Adipocyte LIPA deficiency mediates the development of obesity and associated glucose intolerance. To address the possible functional role of adipocyte LIPA in modulating obesity, mice with A-Lipa deficiency and littermate controls were fed a HFD for 16 weeks, and key metabolic outcomes were analyzed (Figure 6A). Mice lacking adipocyte LIPA gained significantly more weight on HFD (Figure 6B) which was primarily due to a higher fat mass without effect on whole-body lean mass (Figure 6, C and D) or muscle or liver mass, although hepatic TG content trended up but did not reach significance (Supplemental Figure 20, A and B). At the level of adipose tissue, iWAT and BAT from HFD-fed A-Lipa KO mice were heavier and larger and there was a trend for increase in eWAT that did not reach significance (Figure 6D). In addition, all adipose depots, iWAT, eWAT, and BAT, developed adipocyte hypertrophy (Figure 6E), indicating a direct role for adipocyte lysosomal lipolysis in regulating lipid storage. To test the physiological mechanisms responsible for increased adiposity in mice, we performed metabolic cage studies and determined A-Lipa KO mice had blunted oxygen consumption (Figure 6F) and elevated respiratory exchange ratio (RER) (Figure 6G and Supplemental Figure 20C), consistent with the concept of impaired lipid oxidation, and these changes could not be explained by the lack of differences in locomotor activity (Supplemental Figure 20D) and food intake (Supplemental Figure 20E). We also performed glucose and insulin tolerance tests to determine whether the lack of adipocyte lysosomal lipolysis and associated defects would ultimately manifest in diabetic pathology. A-Lipa KO mice fed a HFD had worse glucose and insulin tolerance (Figure 6, H and I) along with lower plasma adiponectin levels (Supplemental Figure 20F) compared with control mice. The summation of these phenotypes highlights an essential role for adipocyte LIPA in mediating obesity-related TG storage, lipolysis, and metabolic outcomes.

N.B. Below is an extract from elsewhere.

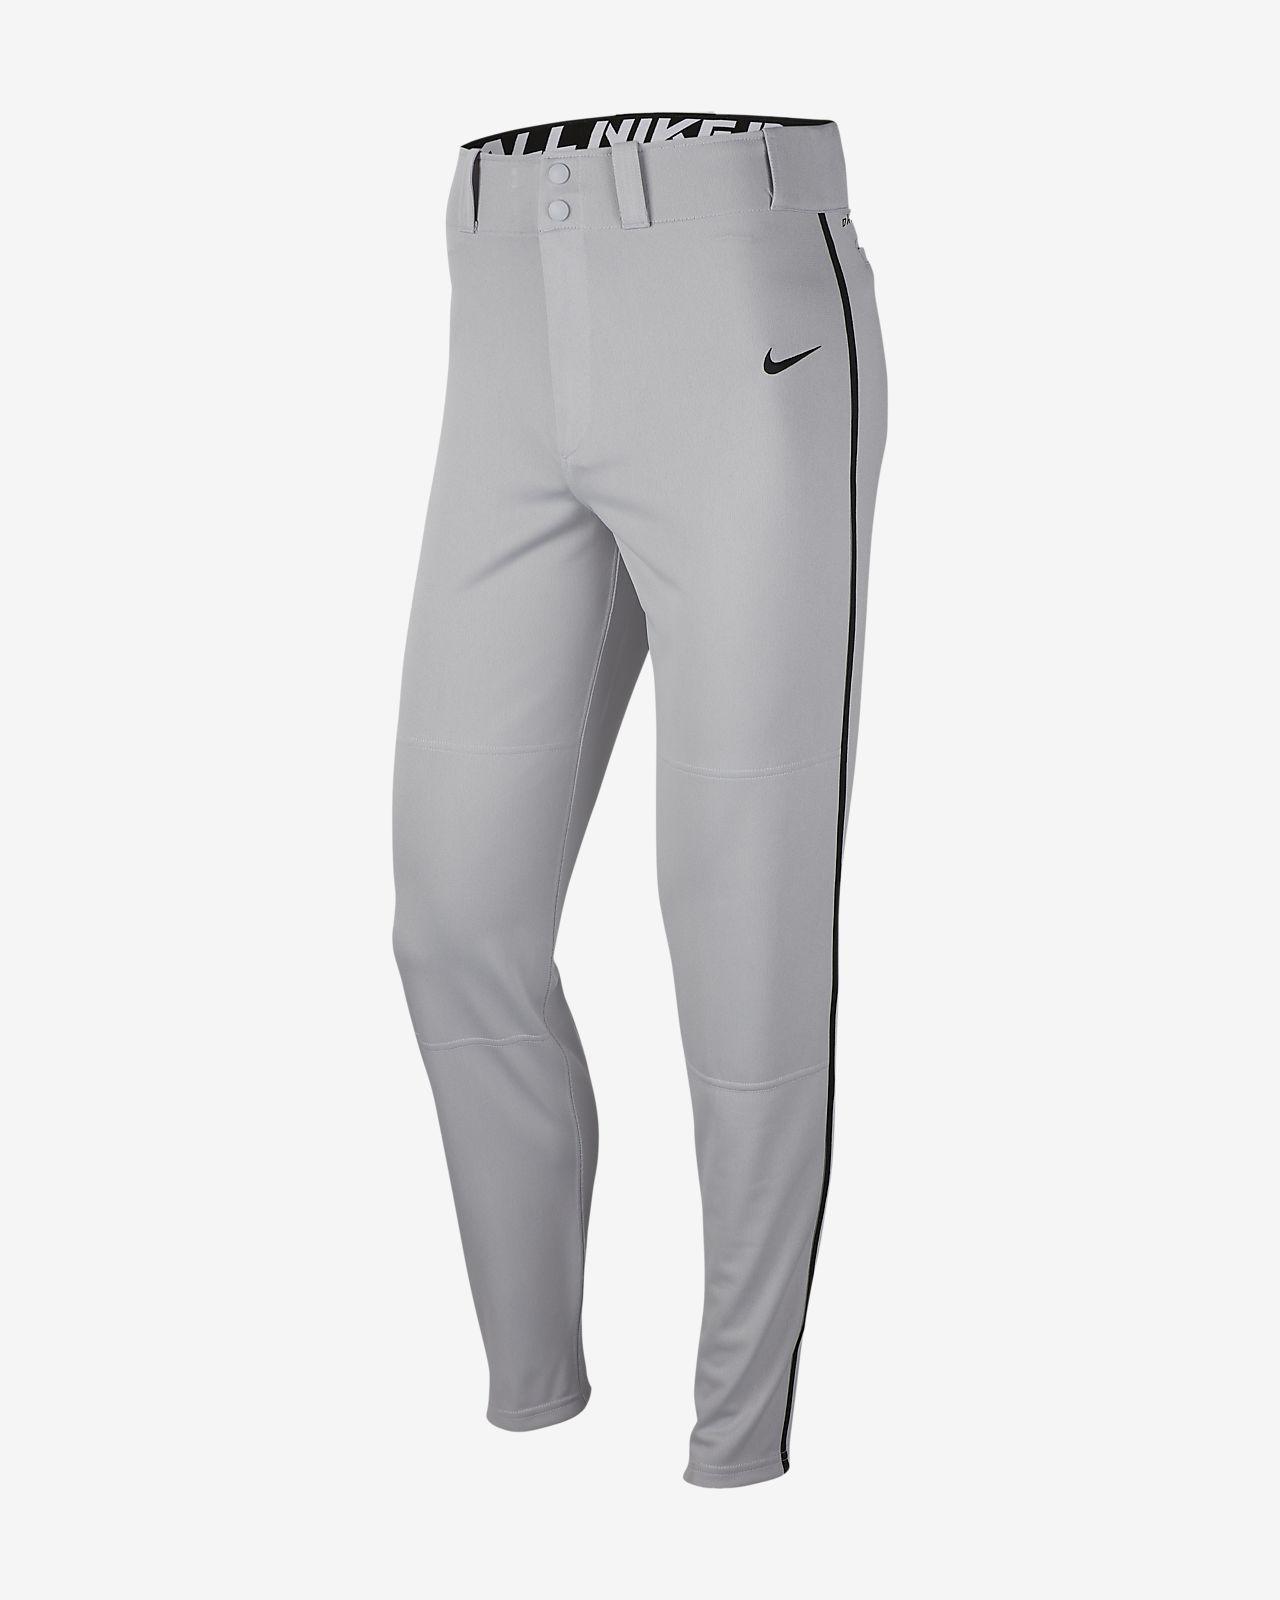 Nike Swoosh Men's Baseball Pants

Adipocyte LIPA deficiency promotes the development of diet-induced obesity. (A) Experimental strategy outlining characterization of A-Lipa KO and control mice in response to diet-induced obesity with metabolic assays performed. (B) Body weight, (C) body composition, (D) adipose depot tissue weights, and (E) H&E-stained tissue sections of iWAT (left panel), eWAT (middle panel), and BAT (right panel) from A-Lipa KO and control mice after 16 weeks of HFD treatment (n = 15). Scale bars: 100 μm. (F) Oxygen consumption and (G) RER in A-Lipa KO and control mice 10 weeks into the HFD study (n = 5). (H) Glucose tolerance test and calculated area under the curve in A-Lipa KO and control mice assessed following 12 weeks of HFD (n = 10). (I) Insulin tolerance test and calculated area under the curve in A-Lipa KO and control mice assessed following 10 weeks of HFD (n = 9). All mice were male. Values are presented as mean ± SEM. Significant differences were determined by Student’s t test compared with ND groups: *P < 0.05; **P < 0.01; ***P < 0.001. See also Supplemental Figure 20.

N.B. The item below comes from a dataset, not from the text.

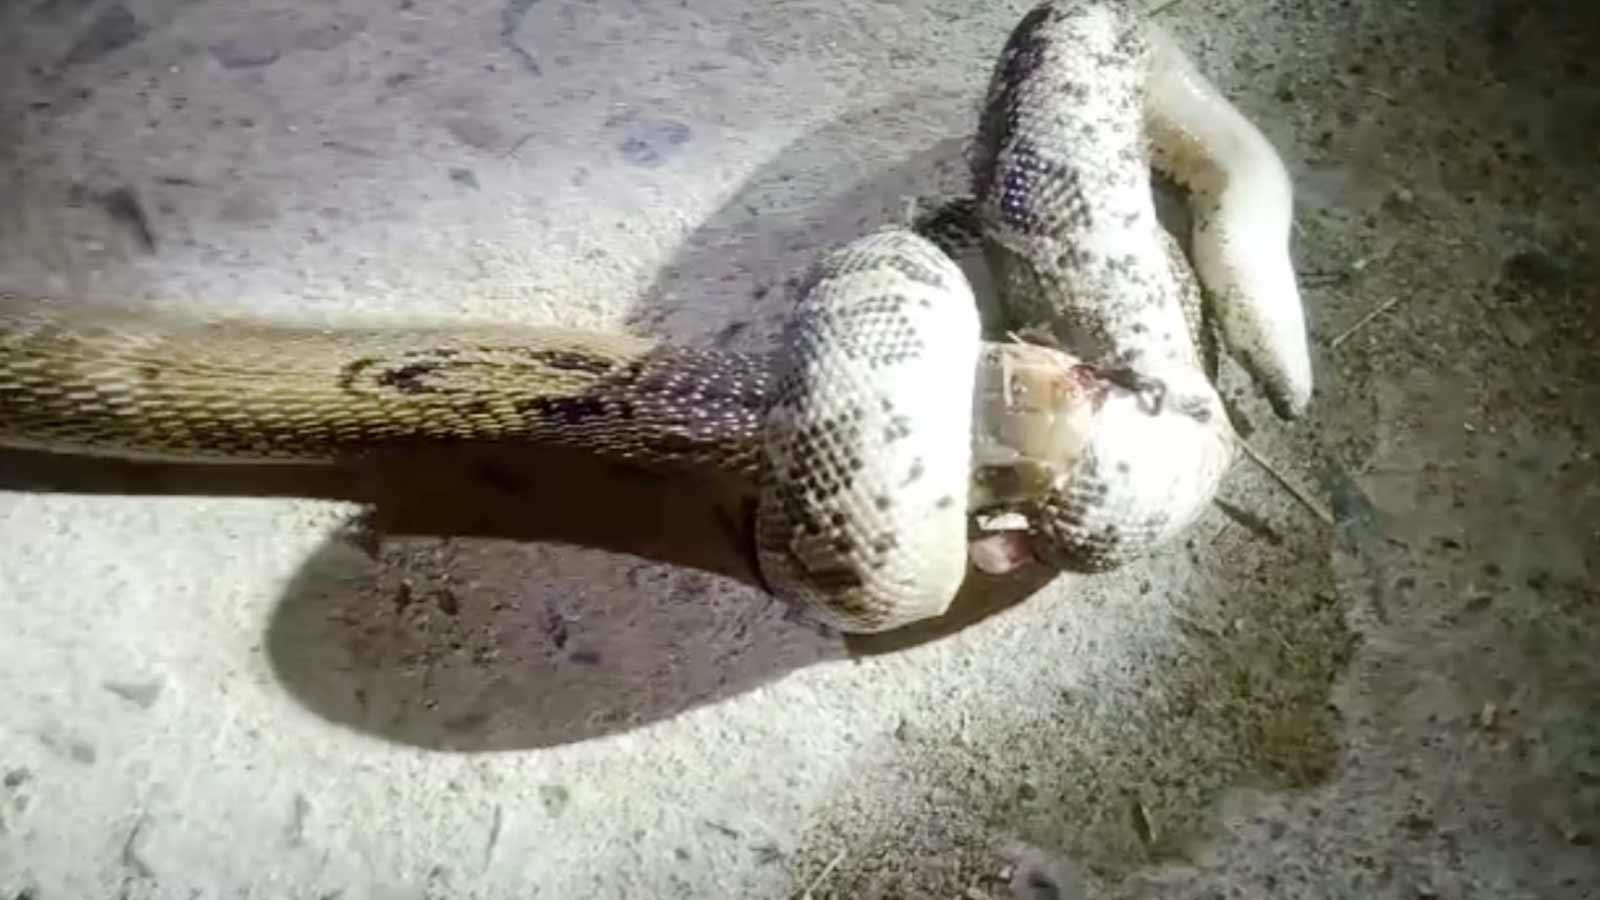 watch-fierce-fight-between-1-ft-long-sand-boa-and-4-ft-long-cobra

Adipocyte LIPA deficiency has no suppressive effects on the cytosolic lipolysis machinery. With prior reports having implicated ATGL/PNPLA2 in upstream regulation of lipophagy in hepatocytes (16, 33), we desired to determine the interdependence of lysosomal and cytosolic lipolysis. We first assessed the expression of cytosolic lipases, ATGL and HSL, and ATGL cofactors such as the suppressors G0S2 and hypoxia-inducible lipid droplet–associated (HILPDA), or the activator CGI-58 (ABHD5) (3), in A-Lipa KO mice. No reductions in the transcript levels and protein expression of ATGL (PNPLA2), HSL (LIPE), or the ATGL regulators were noted in the absence of LIPA (Figure 7, A and B). Instead, we noted slight increases in both mRNA and protein expression of ATGL (PNPLA2), perhaps as a compensatory response (Figure 7, A and B). In order to ascertain whether any expression changes were specific to adipocytes, we separated the eWAT into adipocytes and SV cells. The expressions of ATGL (Pnpla2), HSL (Lipe), CGI-58 (Abhd5), and G0s2 were increased in A-Lipa KO adipocyte fractions, whereas Hilpda transcripts were unchanged (Supplemental Figure 21A). Our assessment of the same cytosolic lipolytic markers in iWAT from A-Lipa KO mice showed similar results to eWAT with selectively increased ATGL (PNPLA2) expression (Supplemental Figure 21, B and C). We also used the Lipa KO adipocytes described in Figure 3A and noticed increased ATGL (PNPLA2) and HSL (LIPE) in both gene and protein expression with a slight but significant reduction of CGI-58 (ABHD5) protein expression (Figure 7, C and D). Finally, using the same tamoxifen-inducible LIPA-deficient primary adipocytes described above (TA-Lipa KO), we observed slight but significant increases in ATGL (Pnpla2), HSL (Lipe), and CGI-58 (Abhd5) transcripts coincident with rises in the respective proteins (Supplemental Figure 12, F and G). These findings demonstrate that in the setting of LIPA deficiency, expression of the cytosolic lipolytic machinery in adipocytes is clearly not suppressed and even sees variable levels of elevation, possibly as a compensatory response to the loss of lysosomal lipolysis.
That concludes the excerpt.